Whether you’re car camping or backpacking, there’s three different kinds of food you should bring on your trip: food for cooking over a campfire, food for cooking on a camp stove and food that’s ready-to-eat. You probably won’t want to build a campfire for every meal you eat (it’s time-consuming and can be really hot in the middle of the day), so I recommend planning on most of your lunches, breakfasts and snacks being either camp stove or ready-to-eat situations. And while we’re talking about planning—yeah, you should absolutely be writing out a plan for each meal of your trip before you leave. It’ll ensure you don’t starve and it saves you from having to think about it later.

For eating on the trail, it’s good to bring foods that are nutrient-dense and easily packable like granola, trail mix, meal replacement bars, packets of peanut or almond butter, jerky or some of those weird energy gel chews that actual athletes eat. I really like bringing packets of Moon Cheese ($6 at REI), because they’re full of protein and salt, two things I always crave after I’ve been sweating out in the woods for a while. Rice cakes are another good snack since they’re light and also a perfect vehicle for nut butter or hummus or whatever other thing you normally put on a rice cake.

Ideally camp stove meals mostly involve boiling some water and then adding that boiling water to something. The most obvious choice is pre-packaged backpacker meals, like the kind made by Backpacker’s Pantry. You add your boiling water to a resealable envelope of, say, chicken pad Thai or vegetable curry, wait a few minutes, and have a whole satisfying meal. These cost anywhere from $5 to $15, and are generally pretty tasty. They’re a little bulky, so I typically only bring one or two on each camping trip, and save it for the night that I’m craving something resembling a real hot meal.

Other kinds of camp stove meals that I love usually involve visiting the bulk aisle at either a Whole Foods or a La Montañita Co-op.
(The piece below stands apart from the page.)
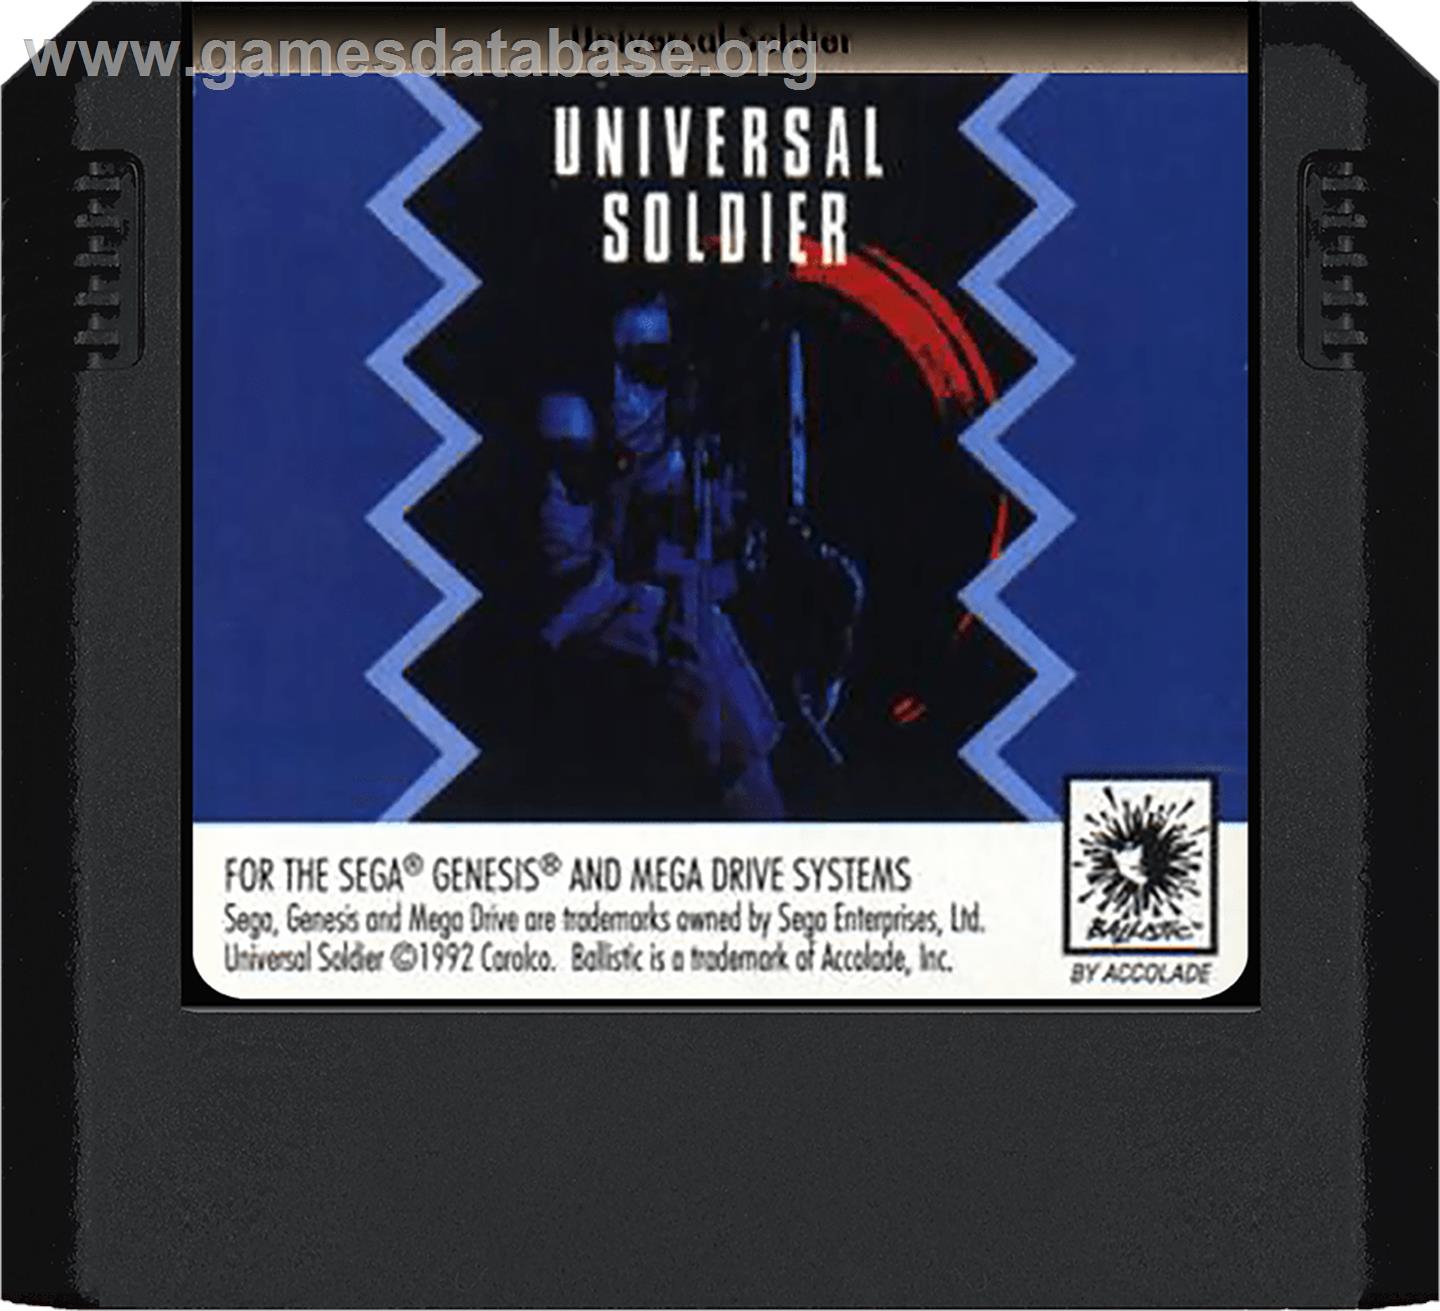 Universal Soldier - Sega Genesis - Artwork - Cartridge
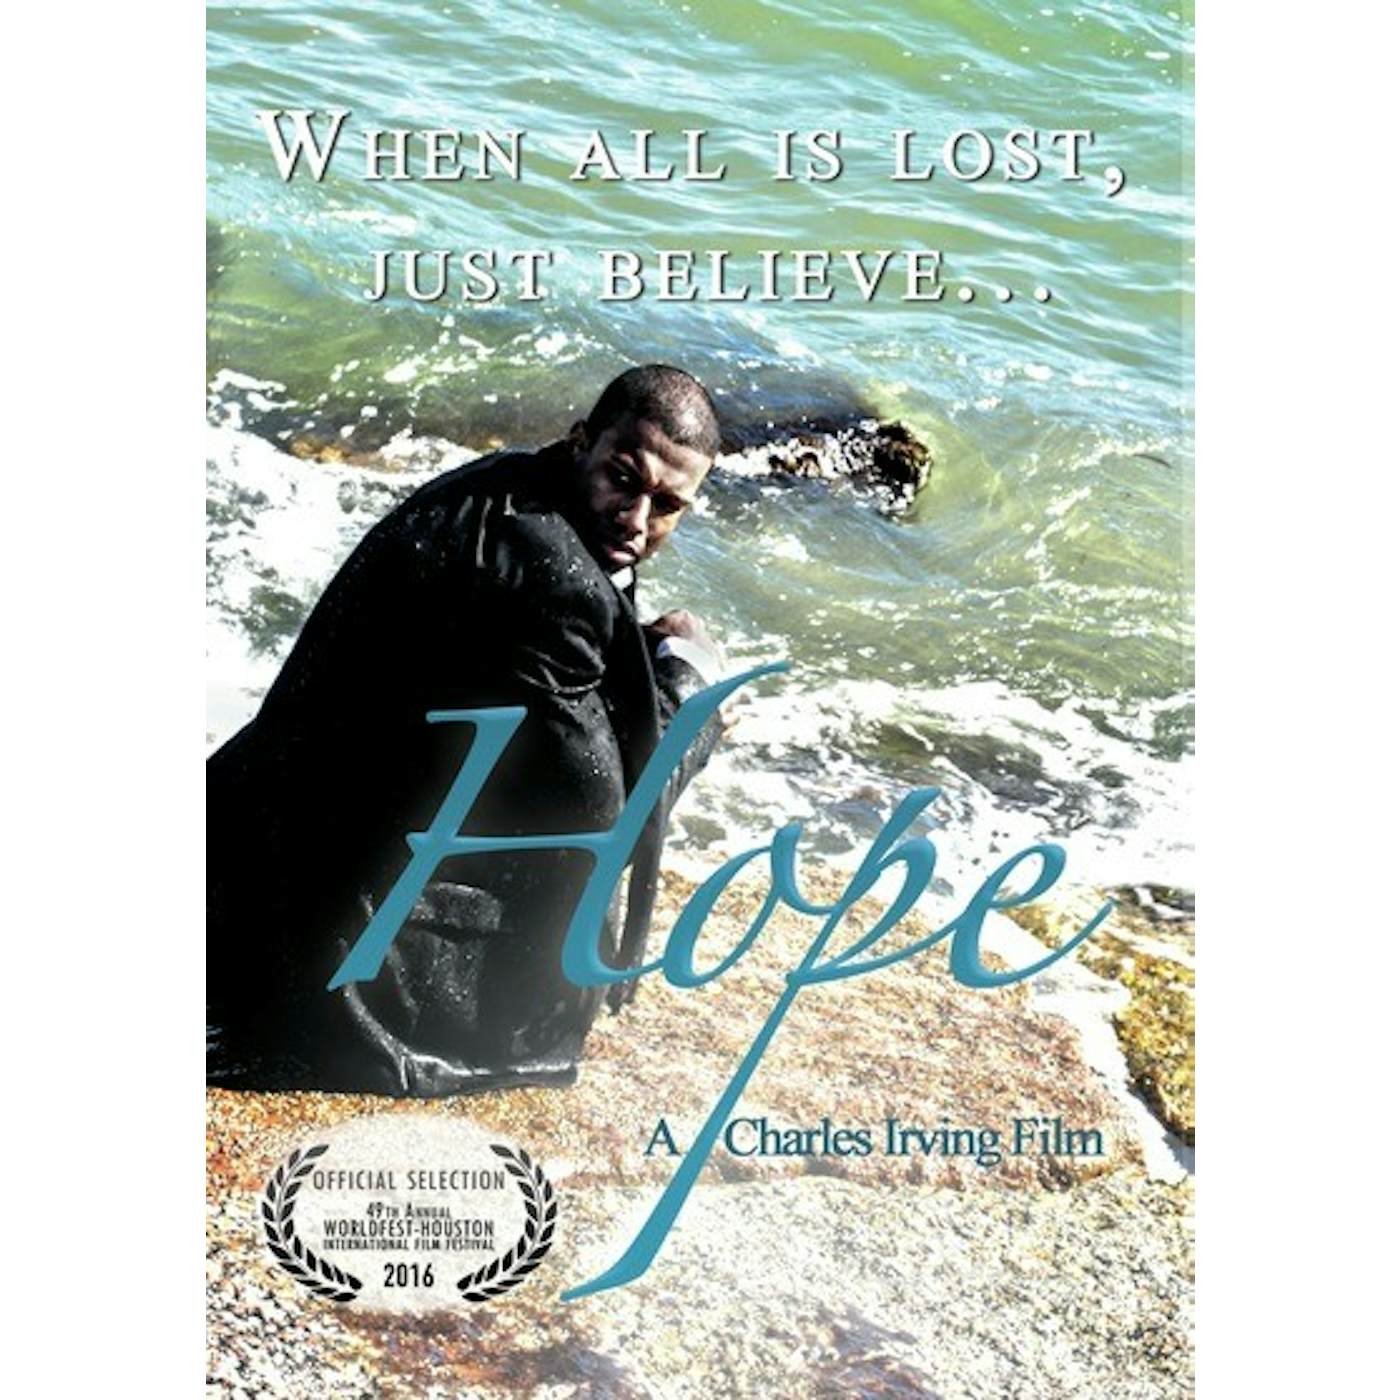 HOPE DVD

Here you’ll find plenty of just-add-water things like instant oatmeal (and other cereals), dehydrated soup mixes and dry hummus powder. To complement all these things, I bring little containers of salt, olive oil and hot sauce: seasonings guaranteed to make any otherwise plain meal palatable. Nutritional yeast is another good one, as it’s super flavorful and packs a big nutritional punch of protein and B vitamins. One easy camp stove meal is mixing some instant mashed potatoes with nutritional yeast and some dehydrated veggies. Also, nobody’s going to judge you for eating some instant ramen out in the woods. In fact, the “ramen bomb” is a beloved thru hiker recipe that sounds a little nauseating upon first encounter, but which tastes really, really good on the trail. Mix together some instant mashed potatoes, a single-serving packet of Spam or tuna, then cook a package of instant ramen and throw all of it (including the water you cooked the ramen in) together in a freezer Ziploc bag. Trust me, after a few days of granola this thing will taste like a five-star meal.
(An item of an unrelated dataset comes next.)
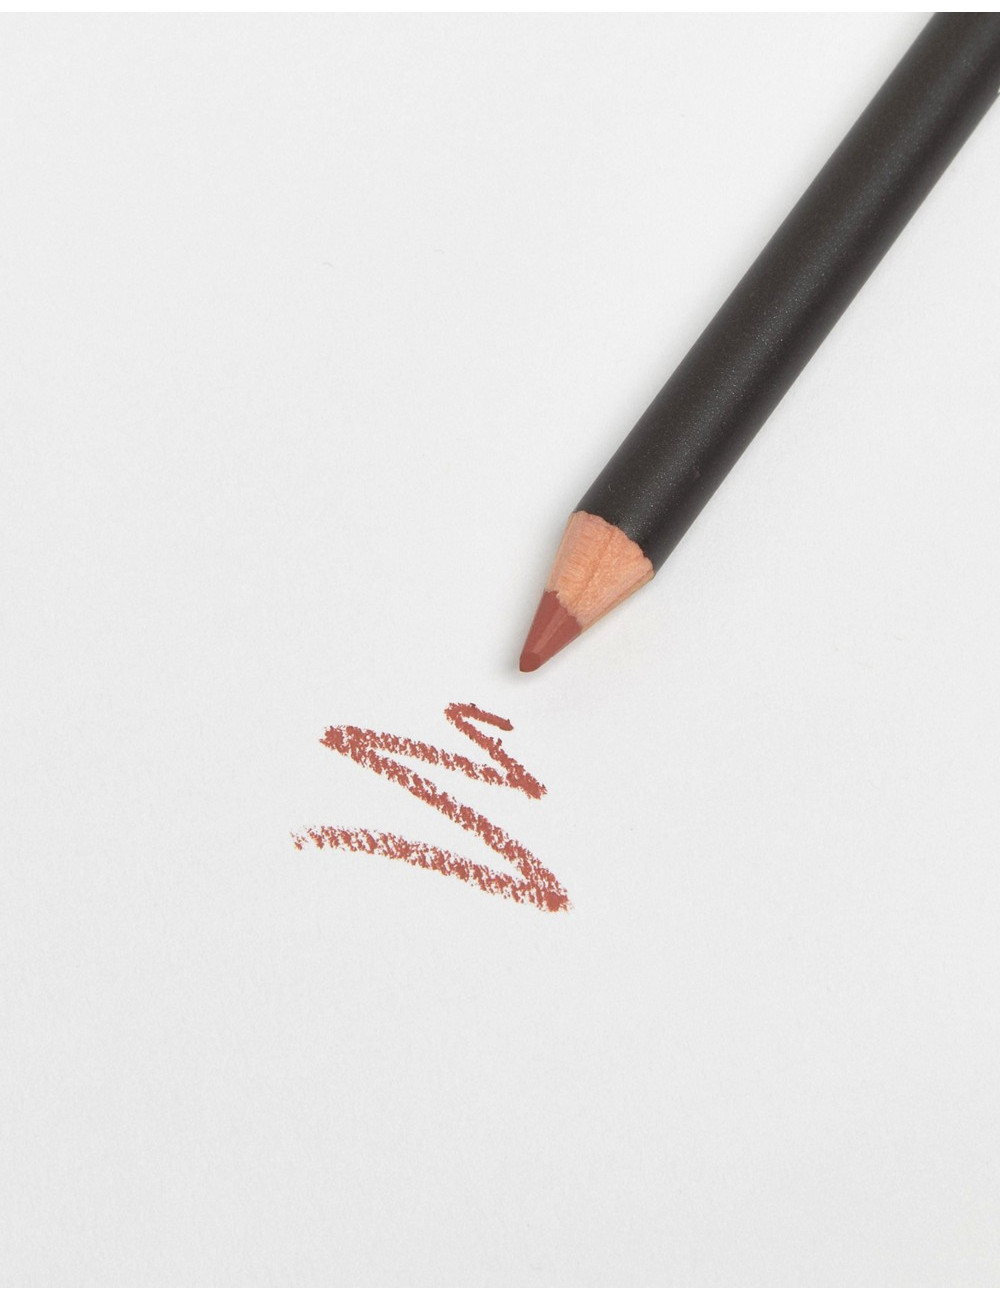 MAC Lip Pencil - Boldly Bare

If you’re car camping, you can pack more cooking equipment than you can on a backpacking trip, since you can stash it all in your car at the end of the day. Bring your percolator, your grandmother’s old cast iron skillet, a knife, a cutting board and plenty of tinfoil. Tinfoil is perhaps the best tool in your campfire cooking arsenal—you can wrap potatoes and other raw veggies in it then throw them into the coals for 20 minutes or so for an easy “one-pot” meal. You can keep leftovers in it. You can make an impromptu lid for a pot when you realize that you left that lid at home. There are plenty of uses for this stuff, suffice to say. Bring it.
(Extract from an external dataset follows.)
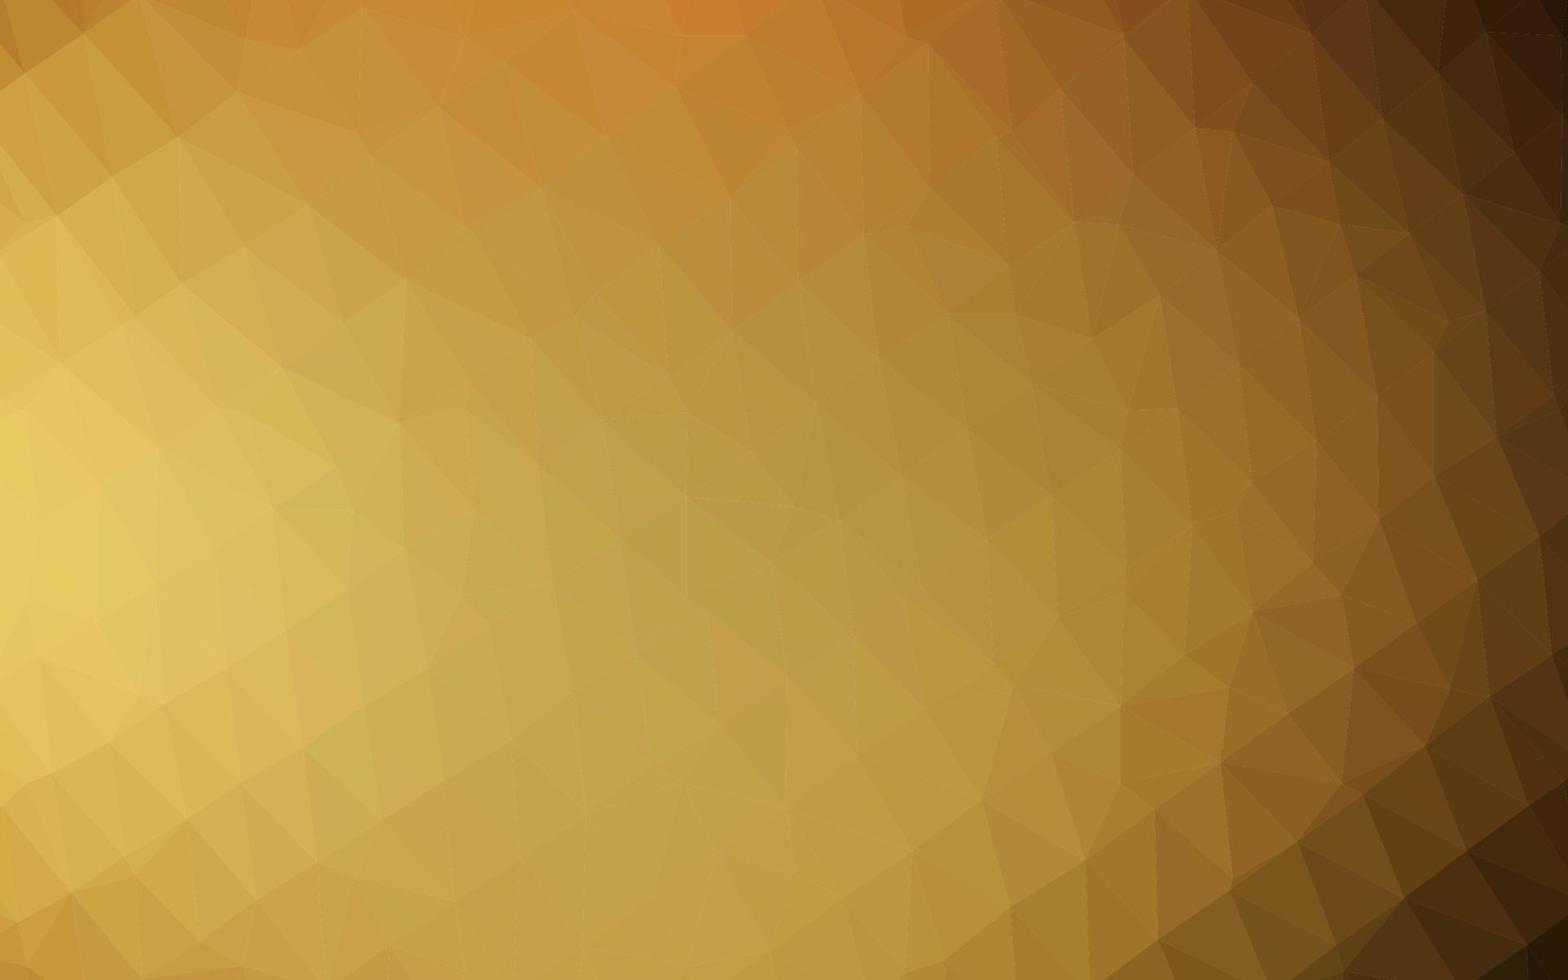 dunkelgelbe, orangefarbene Vektorverschwommene Dreiecksvorlage. vektor

There are tons of text and video recipes online for tried-and-true backpacker meals that sound gross until you’re hungry enough to eat anything. Don’t pass them up—you’ll be surprised what you start craving after summiting a peak or two. Of course, you could also say “screw the weight” and go the Bon Appétit route by making a huge multi-zone campfire to cook steaks on with your cast iron griddle. It’s certainly a good way to make yourself everybody’s favorite camping buddy.